In its most recent interpretation of former Ala. Code § 12-15-63 (the dependency statute), the Court of Civil Appeals held that the right to appointed counsel where parental rights are at stake (including dependency cases) applies to every stage of the proceedings, including appeal. R.H. v. D.N., 5 So. 3d 1253, 1255 (Ala. Civ. App. 2008). The R.H. court held that the Juvenile Court erred in failing to appoint the mother counsel when the dependency case was on appeal. Id. Although the Court remanded the case to the juvenile court with instructions to appoint counsel for purposes of the appeal, two dissenting justices would have reversed the judgment terminating parental rights and ordered a new trial because the juvenile court had allowed the case to proceed while the mother was not represented by counsel, a remedy akin to that afforded to criminal defendants totally deprived of their Sixth Amendment right to counsel. Id. at 1256.

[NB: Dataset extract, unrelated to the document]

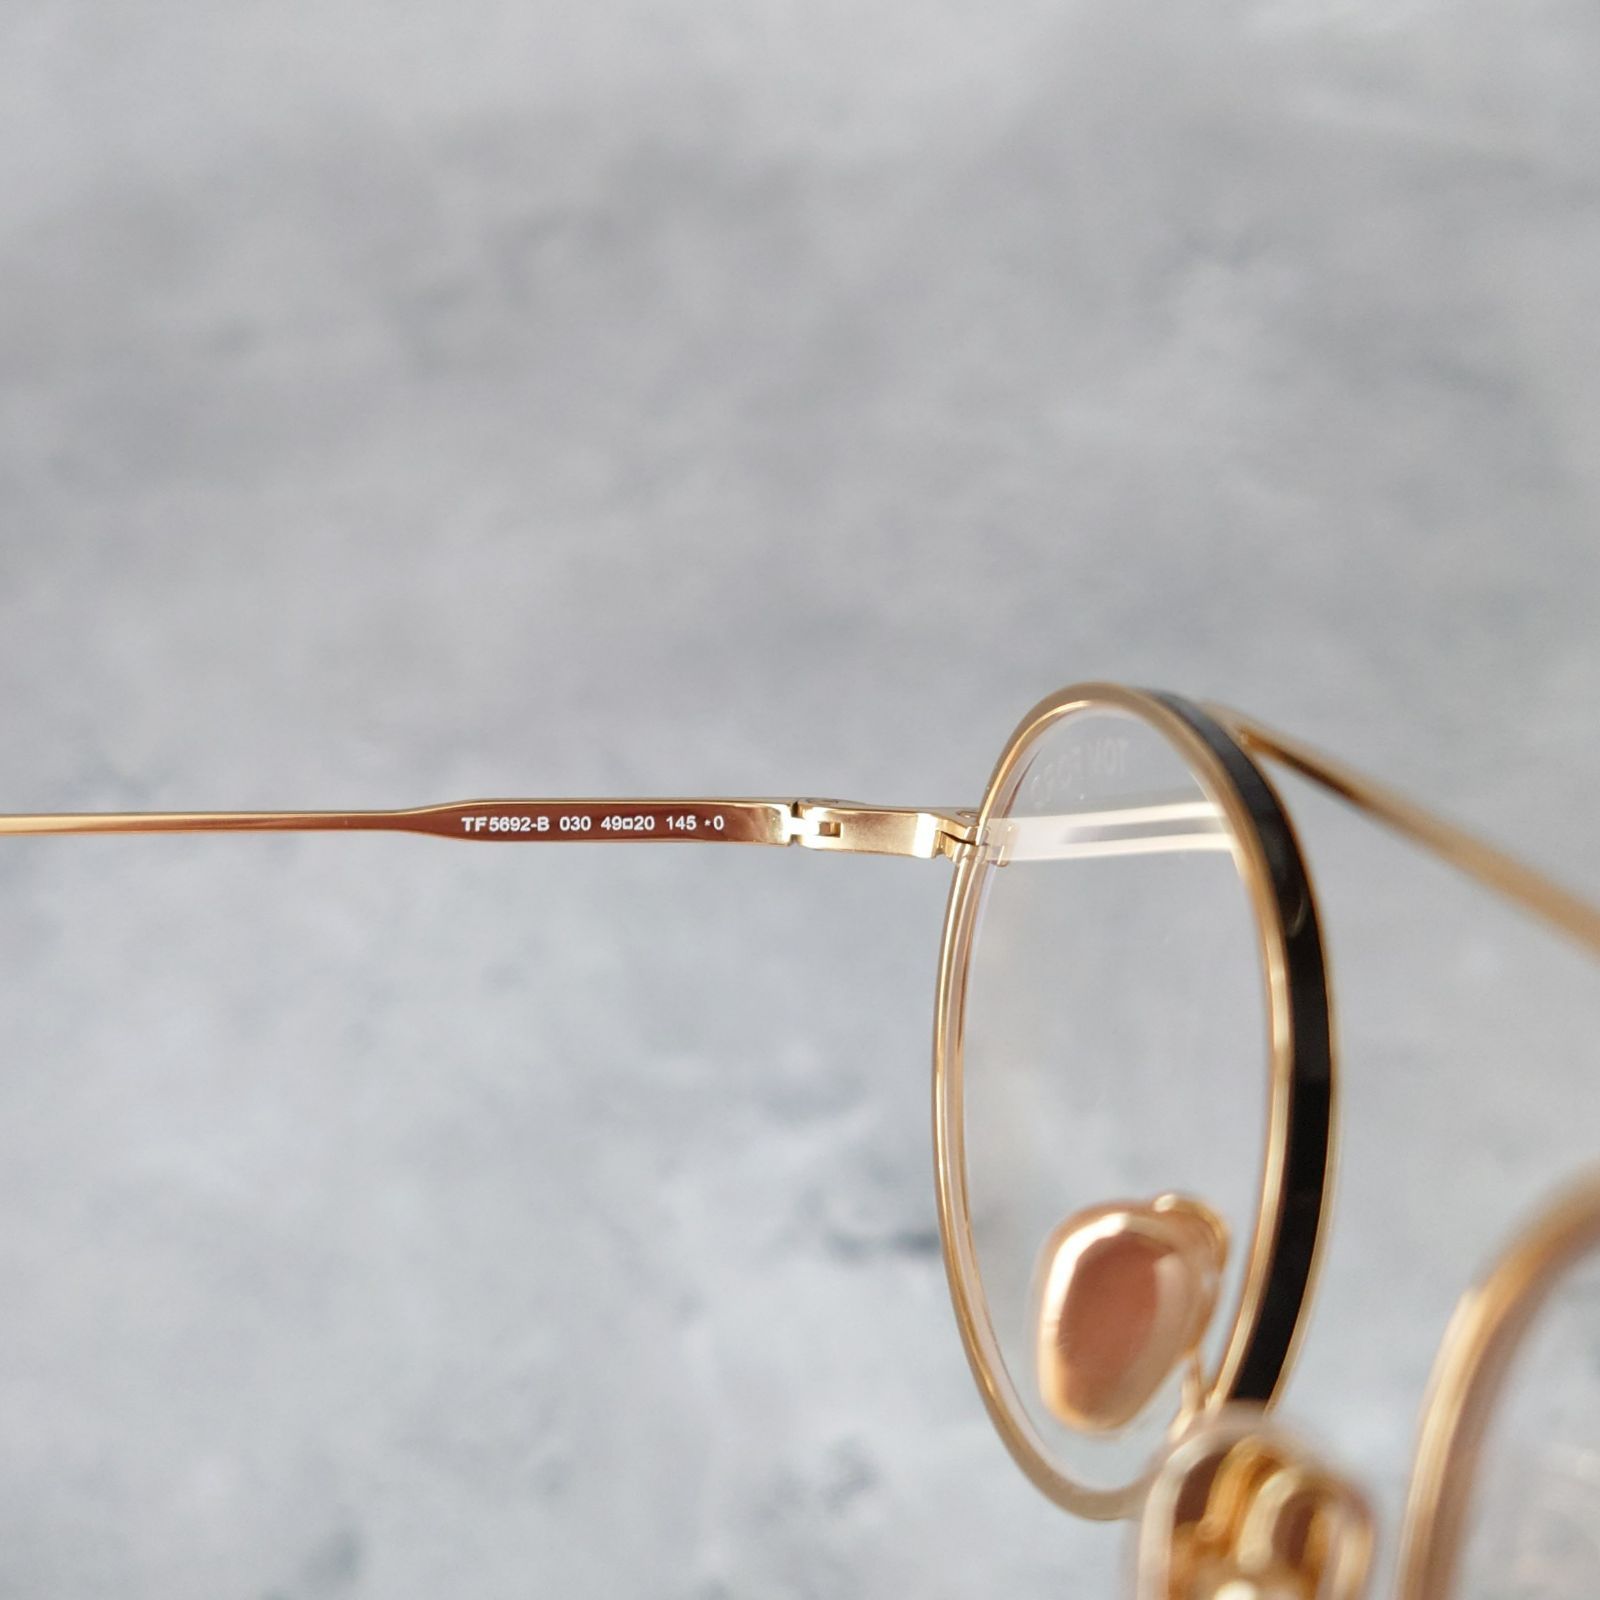 絶対一番安い メガネ トムフォード オーバル ゴールド メタル セル巻き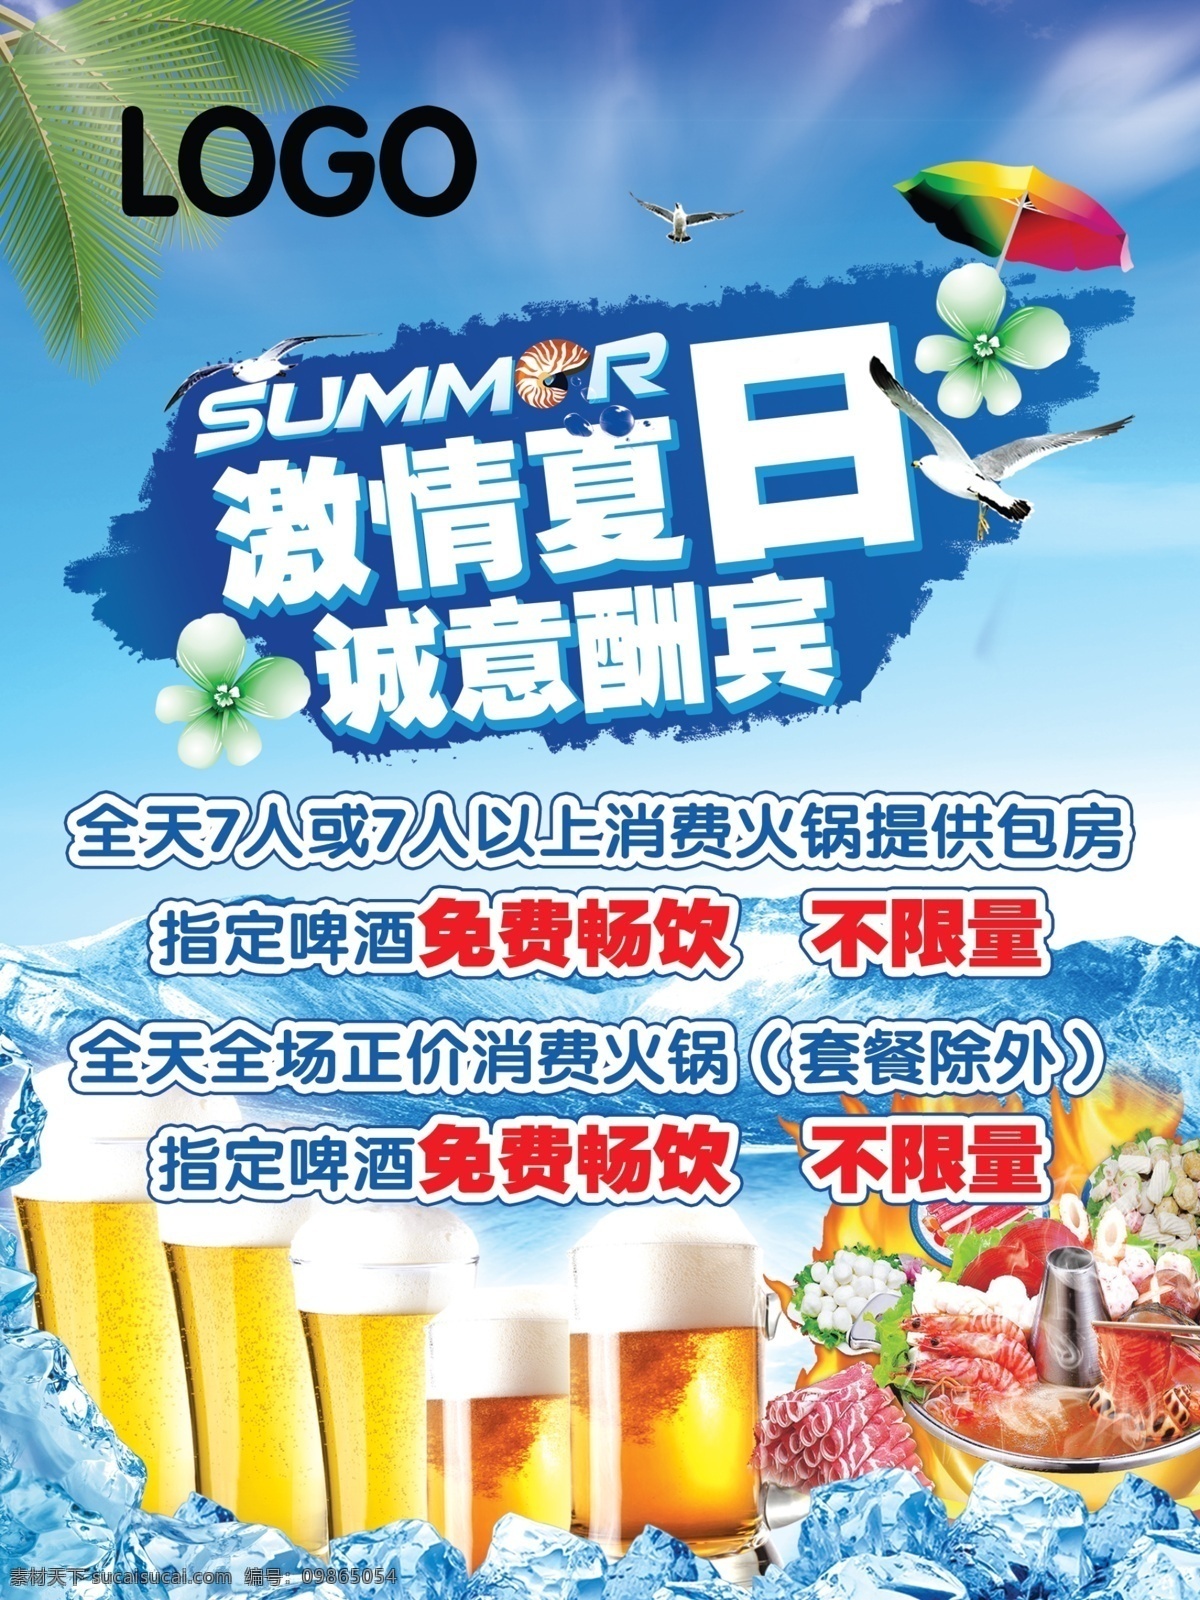 夏日活动 夏日 啤酒 火锅活动 激情夏日 诚意酬宾 冰块 广告设计模板 源文件

However, the Court of Civil Appeals has not yet reached the question as to whether Ala. Code § 12-15-305(b) requires appointment of counsel for parents in privately-initiated dependency proceedings. In T.L. v. W.C.L., grandparents filed a juvenile court proceeding in which they and the child’s indigent biological mother stipulated that the child was dependent. 203 So. 3d 66 (Ala. Civ. App. 2016). Mother requested counsel, but the trial court denied the request, reasoning that Ala. Code § 12-15-305(b) is inapplicable in private dependency matters. Mother’s subsequent motion to set the dependency judgment aside on the basis that she was deprived of counsel was denied. On appeal, the T.L. Court affirmed the trial court’s denial of mother’s motion to set aside and refused to determine whether the trial court erred in its construction of § 12-15-305(b). The Court reasoned that such motions are granted only where an order is entered in a manner inconsistent with due process, and no due process violation was present here. The only appropriate vehicle to challenge the violation of a statutory right—if one were present—reasoned the T.L. Court, is an appeal.